= Neal Peres Da Costa =

Neal Peres Da Costa (born 1964) is an Australian harpsichordist, fortepianist and organist. He specialises in performance on historical keyboard instruments of the 17th, 18th and 19th centuries, for which he has gained international renown. He is a Professor and the Chair of the Early Music Unit at the Sydney Conservatorium of Music at the University of Sydney.

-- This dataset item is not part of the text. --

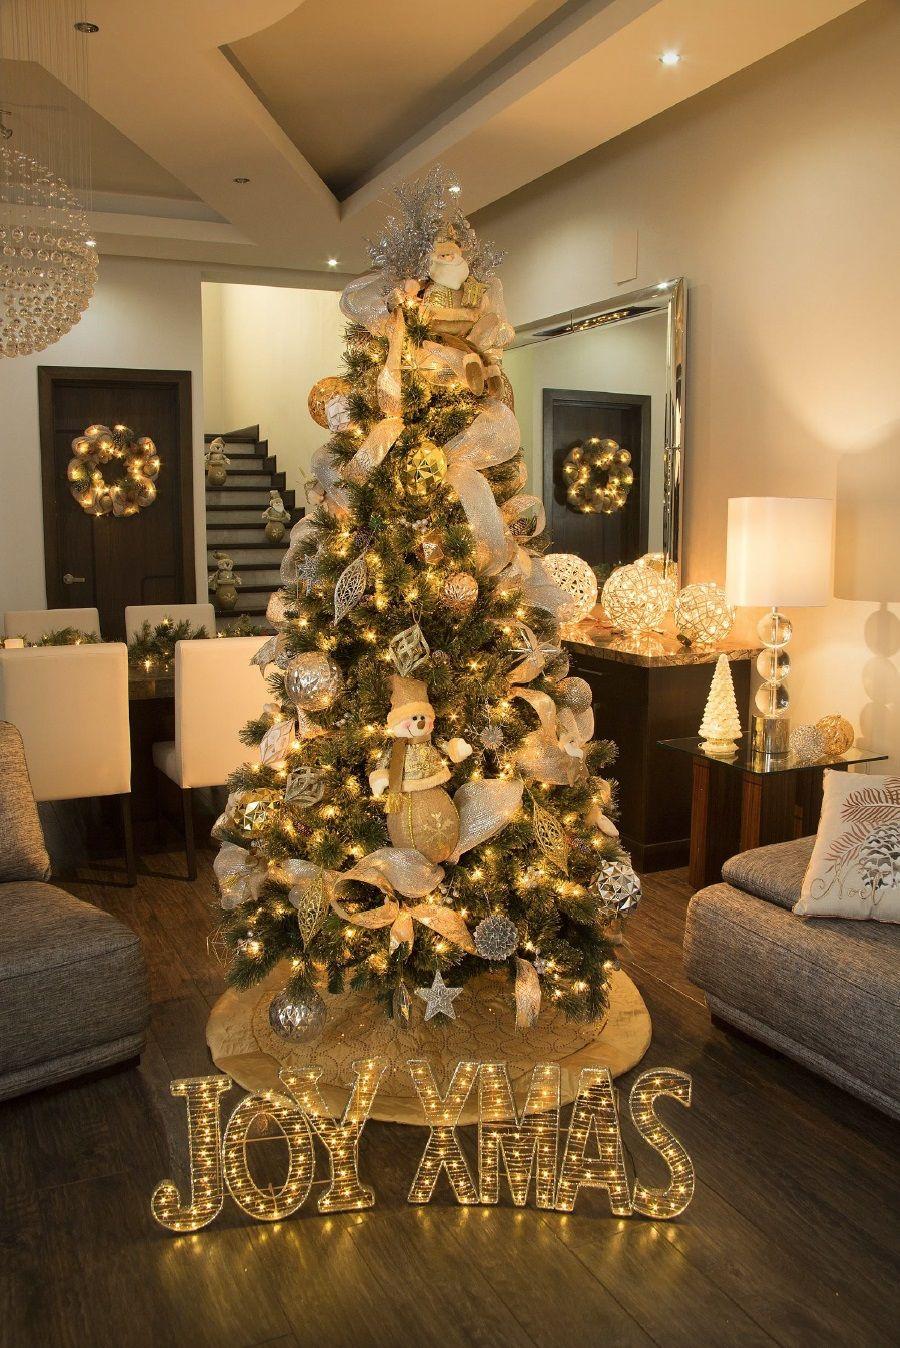 Tendencias para decorar en navidad 2017 2018 - Como se decora un arbol de navidad ...

== Early life and education ==
Neal Peres Da Costa was born in Bahrain, then part of the Trucial States, to parents from Goa, India. His family moved to Australia when he was five years old. After graduating from the University of Sydney, Peres Da Costa attained a Postgraduate Diploma in Early Music from the Guildhall School of Music and a Master in Music Performance from the City University London. In 2002, he attained a PhD from the University of Leeds, where he researched performing practices in late 19th-century piano playing with particular reference to early recordings.

== Career ==
He spent ten years as Professor of Fortepiano at the Royal Academy of Music in London, where he was also a Lecturer in Performance Practice. He also held the post of Lecturer in 19th-Century Performing Practice for the master's degree at Trinity College of Music in London. In 2000 Peres Da Costa was Artist in Residence at Bretton Hall College at the University of Leeds. For many years he has been Professor on the annual International Summer Course in Spain held by the Fundacio 'la Caixa' and is currently a chamber music teacher at the annual International Early Music Course in Urbino in Italy. He has also taught on the Early Music Summer Course in Southern Bohemia.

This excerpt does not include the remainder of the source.